We switched to reCaptcha because it has an audio version, and has worked very well for us.
So that’s why Facebook’s CAPTCHAs are so weird!
I guess it won’t take too long until somebody comes up with a Pwntcha-style hack to speed up that book digitalization process…
I tried reCaptcha for a while on my blog and was very happy with it. I’m not using it anymore due to the complaints of a regular reader who is dyslexic and was having trouble passing the captcha bar. If it hadn’t been for that, I’d still be using it.
This is a great service but I worry about the uptime and availability of the service.
Hi Ian,
I’m an engineer on reCAPTCHA.
We run our service out of two datacenters (and are looking into getting more) for uptime. Should there be unexpected downtime of a datacenter, our traffic automatically switches over. We’ve done drills of failover to make sure our techniques work.
Hi Ben,
Thank you for the info Ben. It’s great that you guys are taking availability seriously!
You should put up the information you posted here on recaptcha.net I think it will help you land larger sites. (It may already be there but I did not see it).
Again reCAPTCHA is a great service!
Great to see this finally get the publicity it deserves.
This has been around for a while now! I love the coverage of it, and I honestly think it is a very noble cause, but it’s a bit late to be covering it I think. We’ve been using it for quite a little while now on 20DC.com. But keep with it. Anything local to Pittsburgh and CMU I am very happy!
Maybe Ben can answer this. I never understood how this system would know the correct answer for the first person to receive a new unknown word. It can’t. So you always have to ask twice — give one word the system doesn’t yet know and one it does. And because of possible entry errors, the unknown word would have to be redundantly given to some number of people.
If that’s true, then why not just ask one CAPTCHA and ask people to volunteer 10 seconds of their time digitizing a new word? Why pretend the CAPTCHA is two words?
A little offtopic –
Just few days back I too had covered reCaptcha on our blog. I still have to test is on my wordpress blog though. I find akismet good enough to find spam hence don’t feel like adding captcha functionality
Avi : Yes, that’s how it works according to their website.
I was wondering how it could read out a new word?
Ok, I should have tried before asking, it reads out something entirely different and barely understandable.
I think it is a little unfair that Techcrunch does not hat tip people that guide them to the stories behind their articles. About 15 hours ago I thought they did, when I sent them the link to reCAPTCHA and I had already written about it on my blog…
This is a great idea! Just wonder how they manage to catalogue all these data that has been entered. Must be a really huge database some where.
Great concept. I tried using it on my site, but was very slow and non-responsive. May be I’ll go back if it improves.
BTW, if CAPTCHA is machine scanned text, how can you provide audio for the CAPTCHA words? Does a human read and digitize those? Then it defeats the the very purpose of humans helping digitize books, right?

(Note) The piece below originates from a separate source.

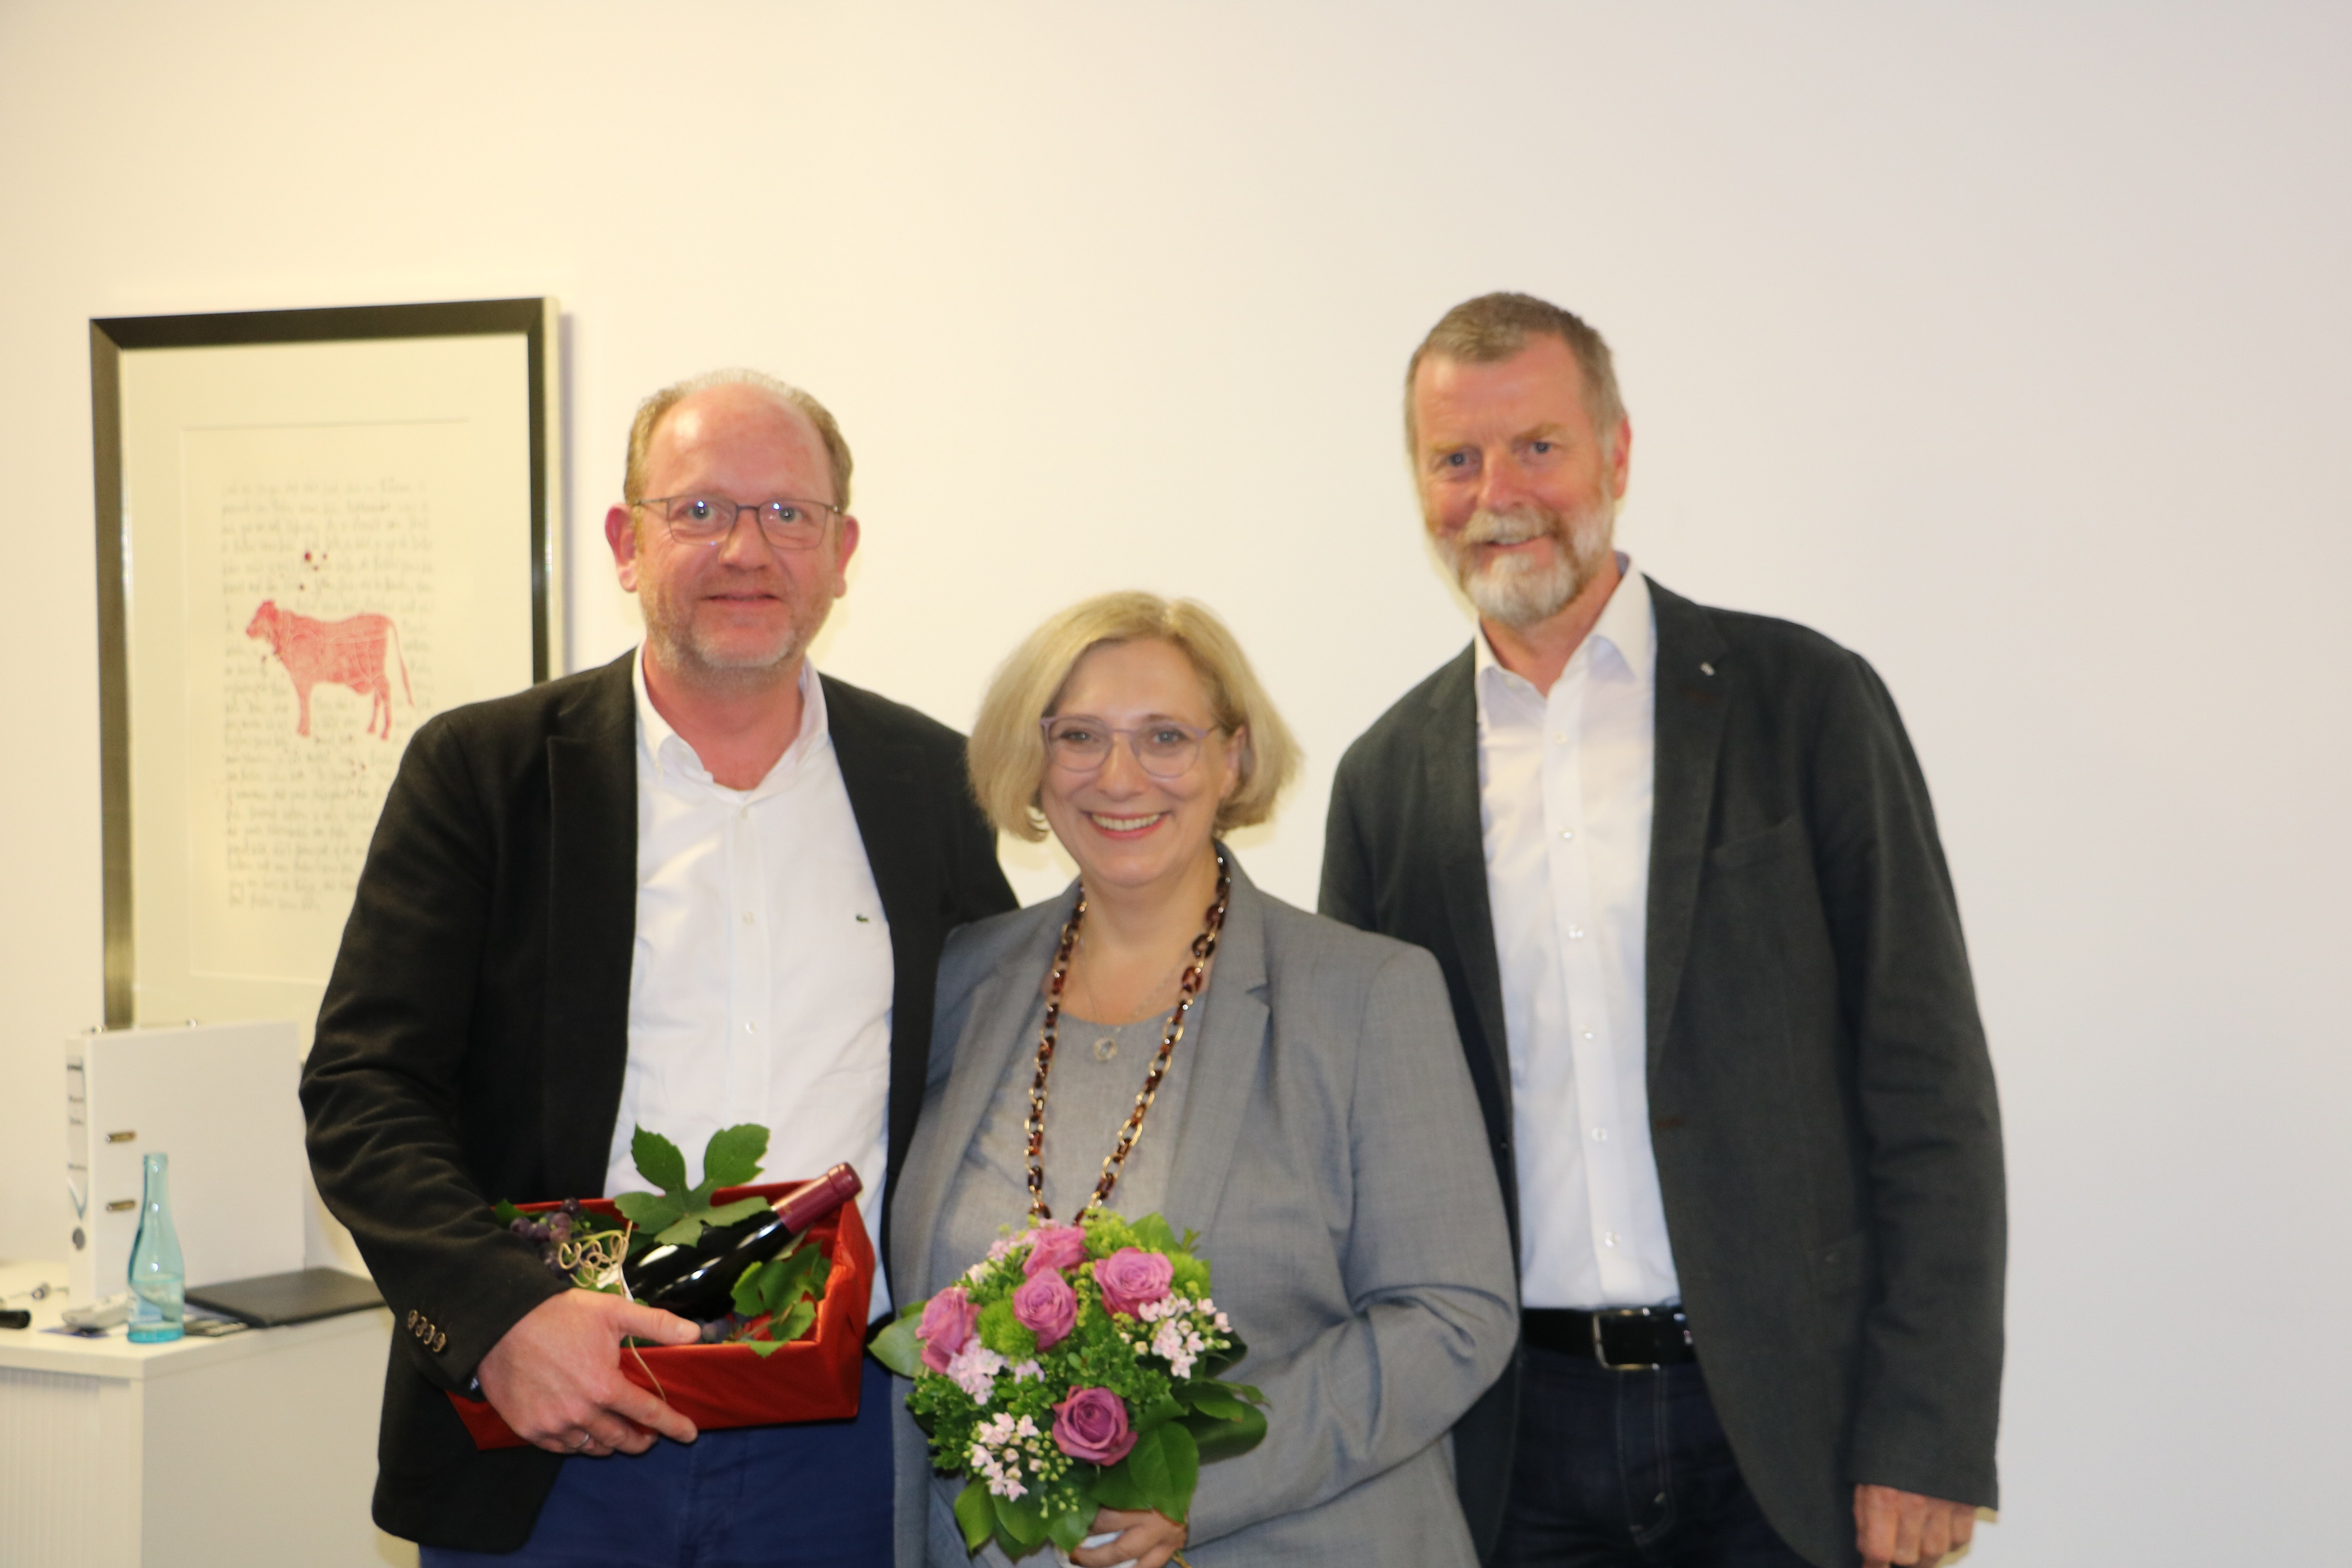 Geschäftsführer Wolfgang Paus, Dr. Daniela De Ridder und SPD-Ortsvereinsvorsitzender Hugo Kirchhelle

It takes about 3 clicks (click into their website and try a captcha) to figure out that they do a different thing for audio captchas…
Pretty interesting… but the captchas it produces are tough!
I do not use CAPTCHA. I have a bullet proof alternative to CAPTCHA and it is less annoying and has no accessibility issues.
http://w3net.eu/?p=32
Attila, your solution only works because nobody else uses it and because spammers have not targetted your site. If somebody had an acutal incentive, it is trivial to write a program than can answer the questions you propose. CAPTCHAs are built to protect sties even if dedicated spammers target them.
It’s ‘centuries’ and ‘fulfils’.
Do I win?
So you finally got to reading back issues of Wired magazine? I thought TechCrunch was about breaking stories.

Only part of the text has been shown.